On Thu, 22 Sep 2011, Lukas Bulwahn wrote:

On 09/22/2011 11:36 AM, Peter Lammich wrote:
Perhaps we should start using a standardized process for phasing out
legacy theorems, like moving them into a separate theory file
"Legacy.thy" that would not be imported by default, and would be
cleared out after each release. When upgrading Isabelle, users could
import Legacy.thy as needed to get their theories working, and then
work gradually to eliminate the dependencies on it. What do you think?

If one tries to follow Brian's idea, even with the Legacy.thy, there is still no guarantees that by importing the theory, everything works as with the release before. For some incompatible changes, retaining compatibility within another theory is larger than the change itself.

But for the special case of phasing out legacy theorems, it might work, but then I would only restrict this Legacy theory to selected theories (maybe everything within HOL-Plain or even less).

This is an old problem, and we have some partial solutions to it that are reasonably established in Isabelle/ML at the least.

It is generally hard to assemble all legacy stuff in a single central "Legacy" module (or theory), because legacy stuff also needs to observe certain dependencies. In ML structure Misc_Legacy is close to that idea of central collection point, but it is only used maybe for 30% of the hard legacy stuff from Isabelle/Pure. Apart from that, naming conventions like "legacy_foo" and the well-known legacy warnings are used to make clear what is the situation.

For theory content we occasionally have "Old_Foo" entries for larger modules. For smaller collection it was up to the discretion of the maintainer what to do, and this is probably the case here. So the people behind this lattice modernization effort should have a feeling if it is worth to introduce some HOL/Library/Old_Lattices.thy or similar.


In Java, there is a "deprecated" flag for such issues.

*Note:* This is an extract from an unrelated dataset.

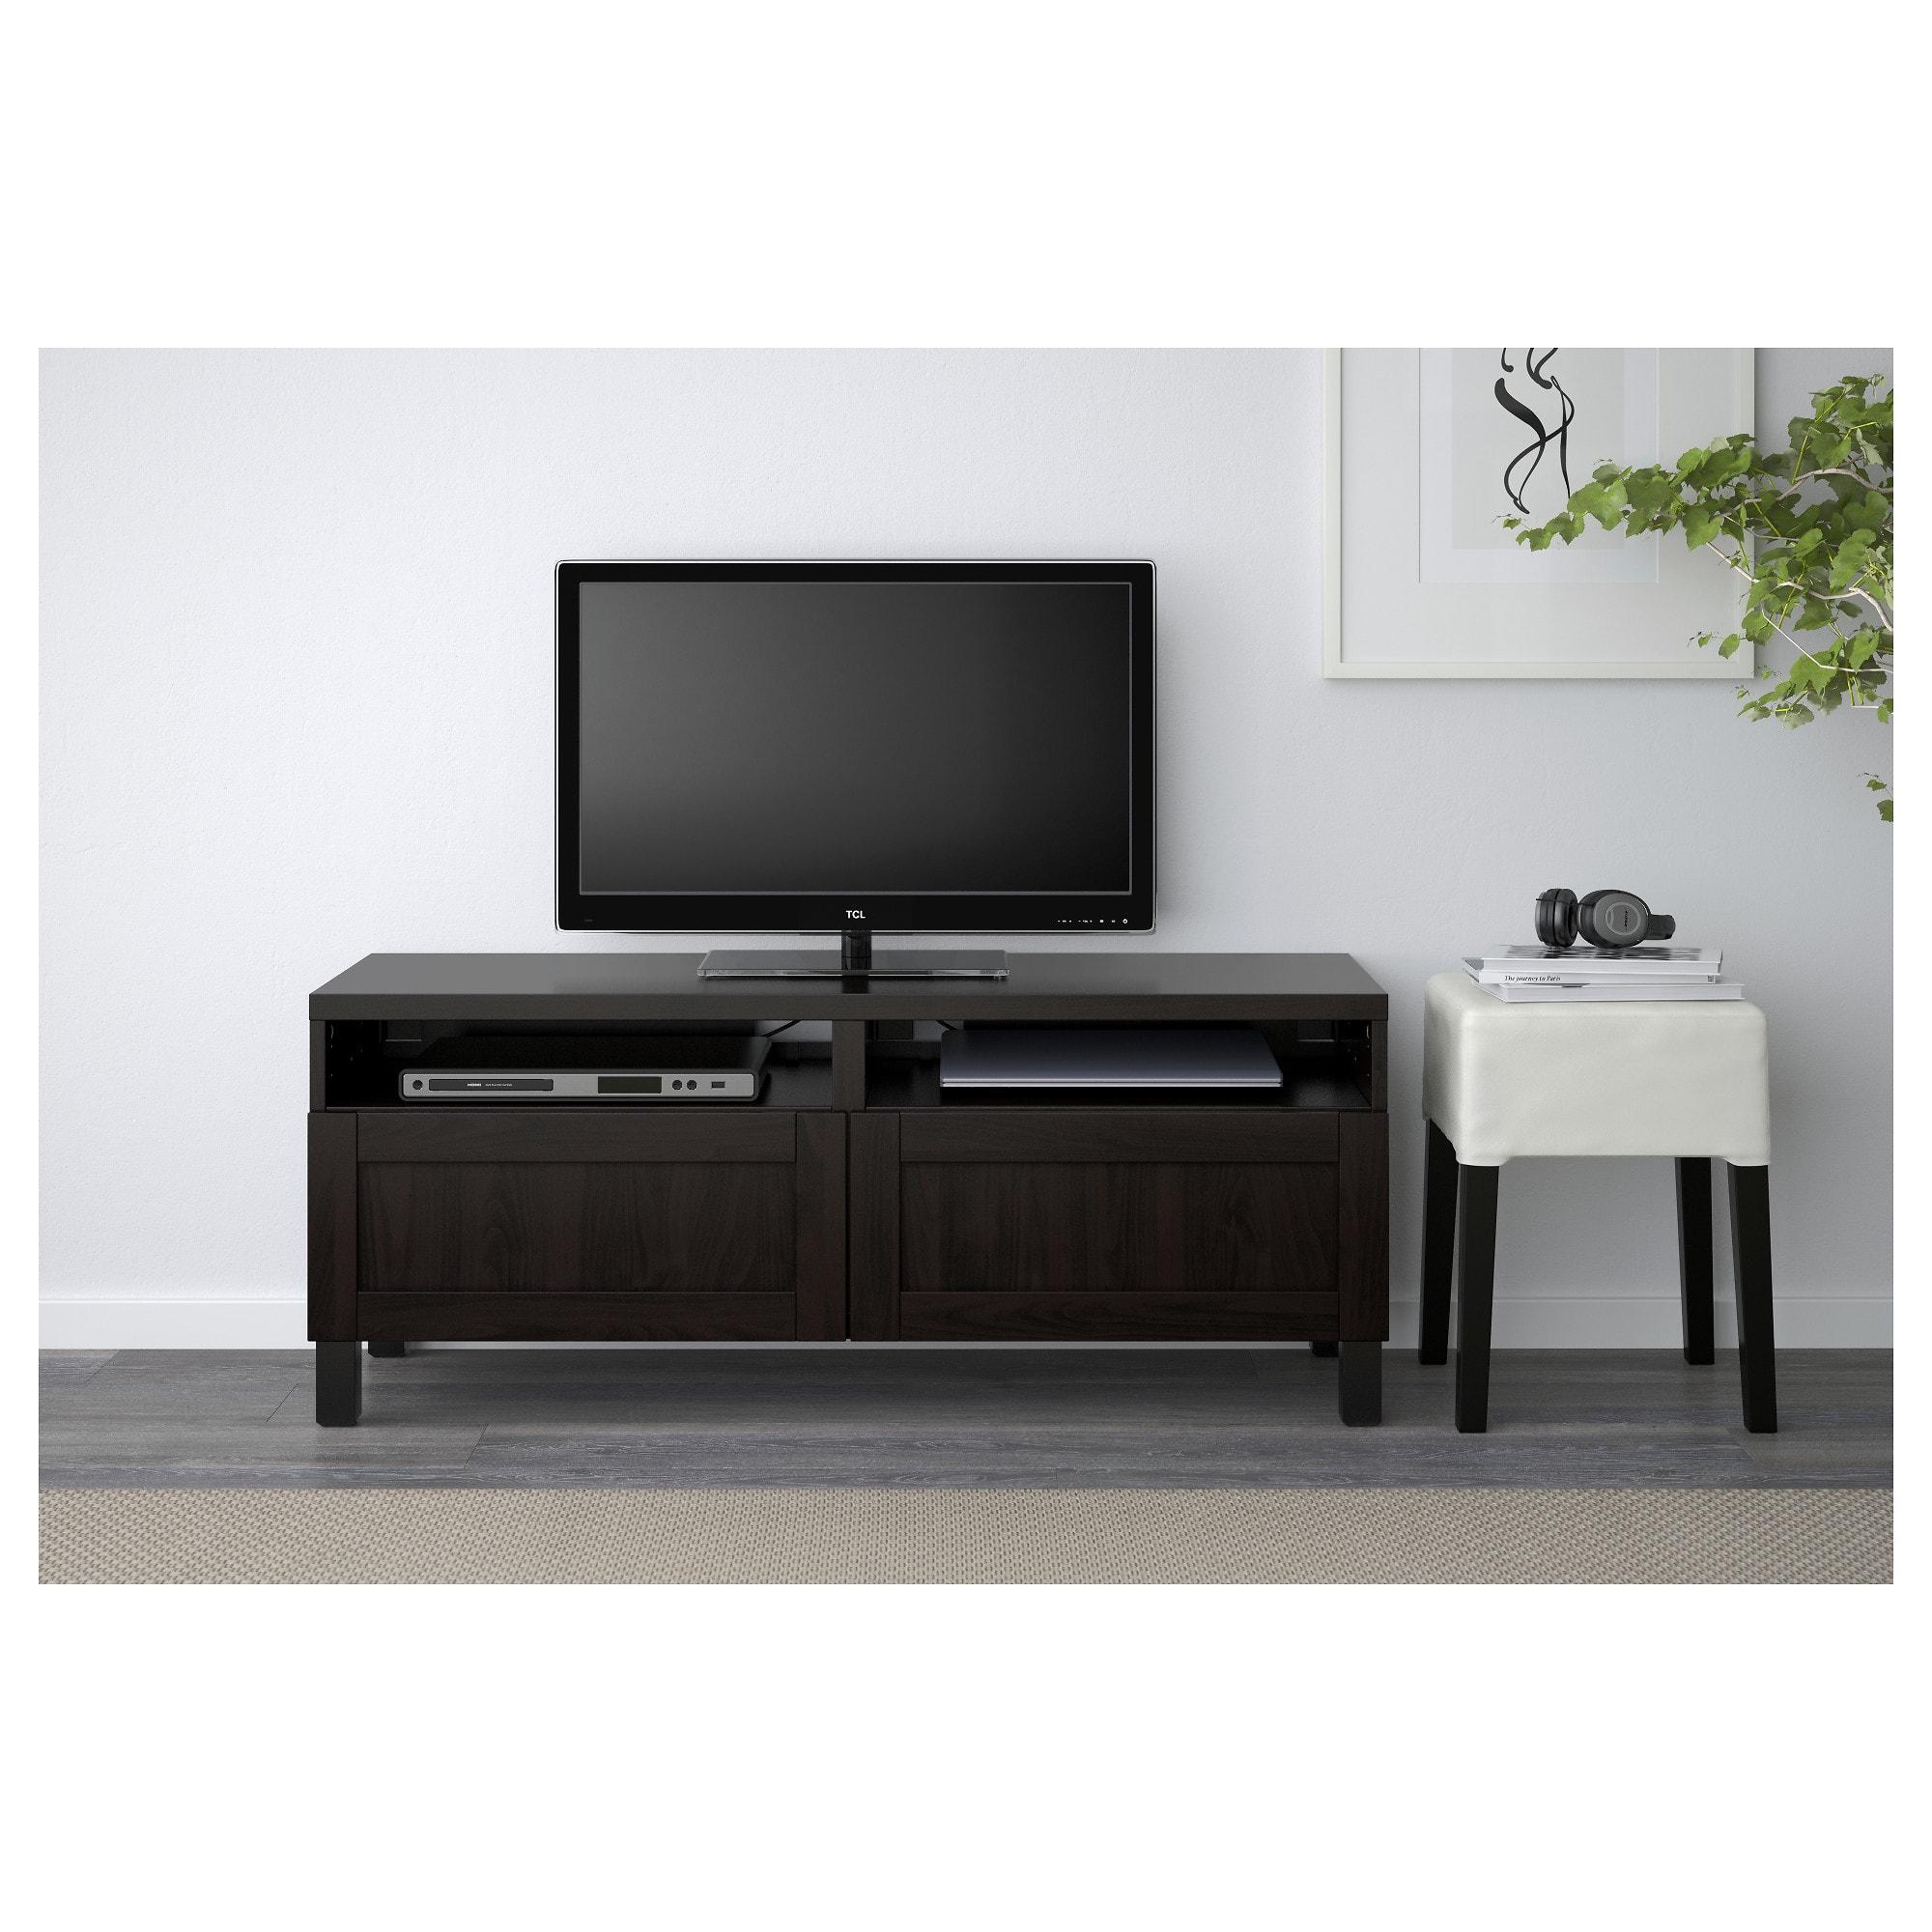 IKEA BESTÅ TV unit with drawers Hanviken blackbrown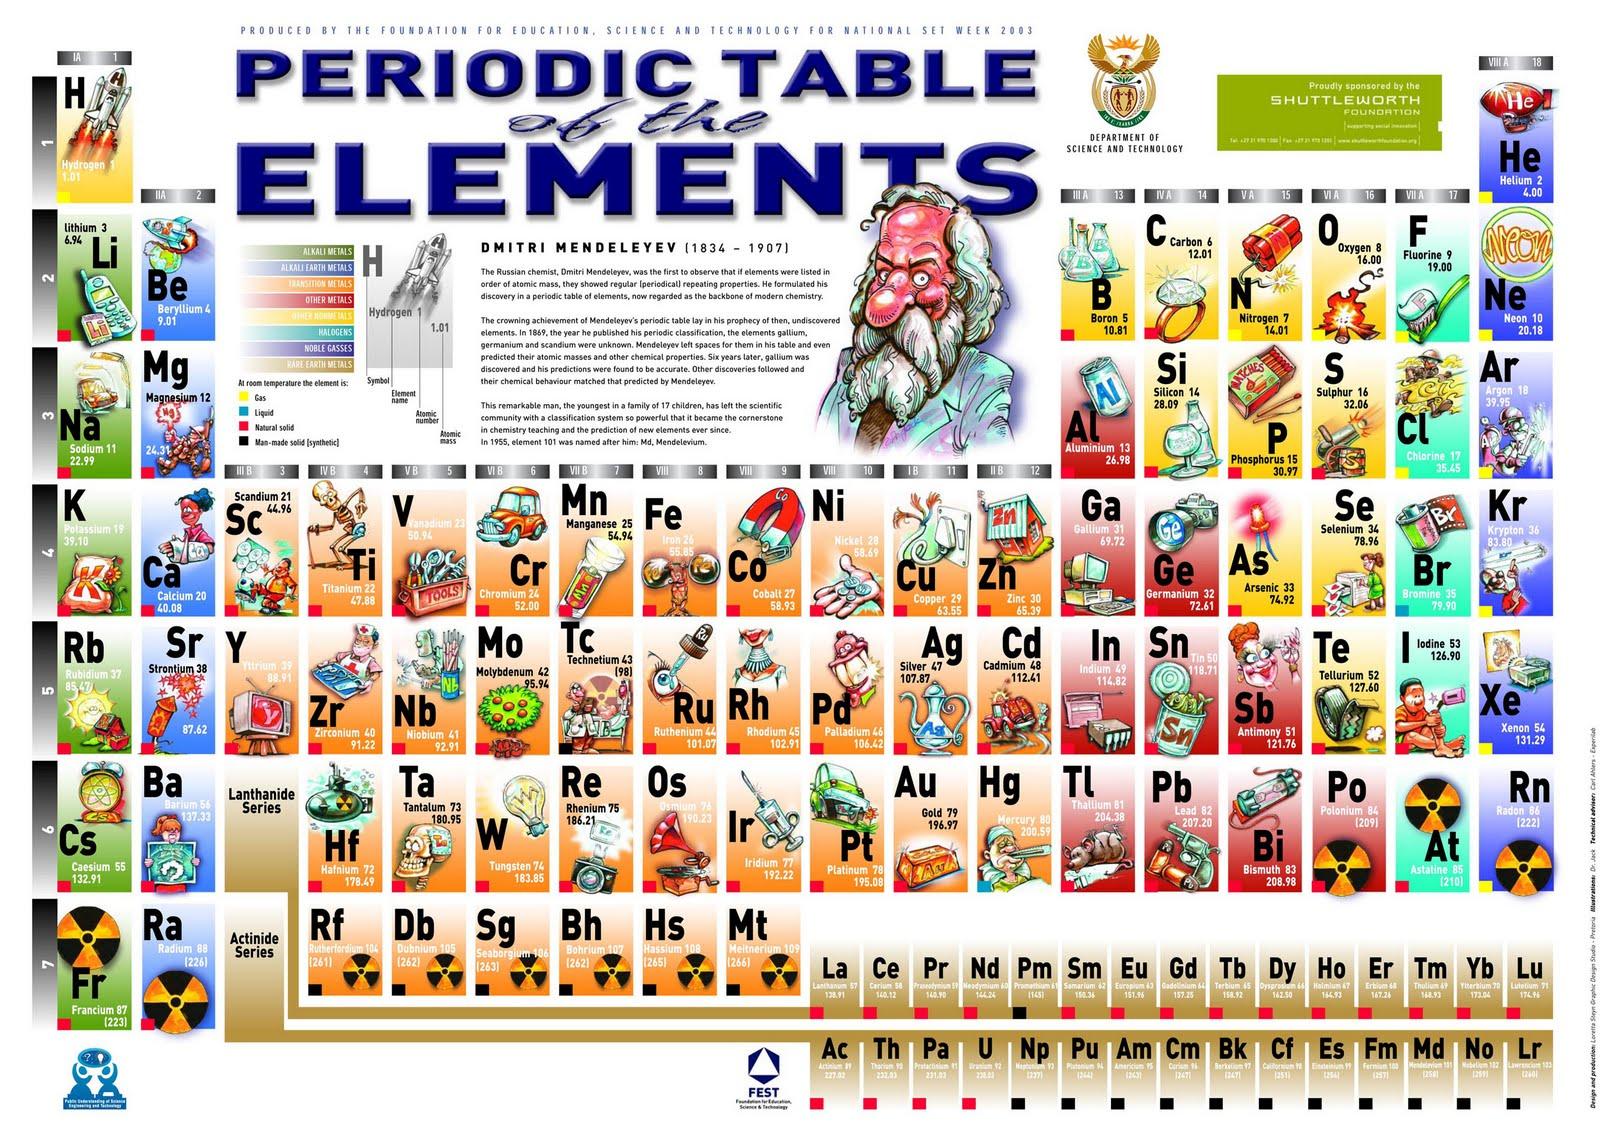 Kimia tabel periodik berikut adalah daftar unsur kimia diurutkan berdasarkan nama dan warna menunjukkan jenis unsur pada masing masing unsur meliputi lambang unsur urtaz Images

Isabelle could
then issue
a warning whenever using a deprecated lemma --- like the "legacy"-warnings
it already issues when using some deprecated features (recdef, etc.)

You are assuming that you could flag theorems, and all tools know what these flags should actually mean, and if they use them.
That's technically quite difficult to achieve.

In principle we have similar flags for name space entries already, e.g. "concealed". Having an official legacy status (also in the Proper IDE) is probably easy to implement, but the main work is maintaining the actual annotations in the libraries. My impression is that the traditional approach is to clear out old material quickly, so that the issue only arises in a weak sense. (In contrast, the Java standard library is famous for being strictly monotonic, where deprecated stuff is never disposed.)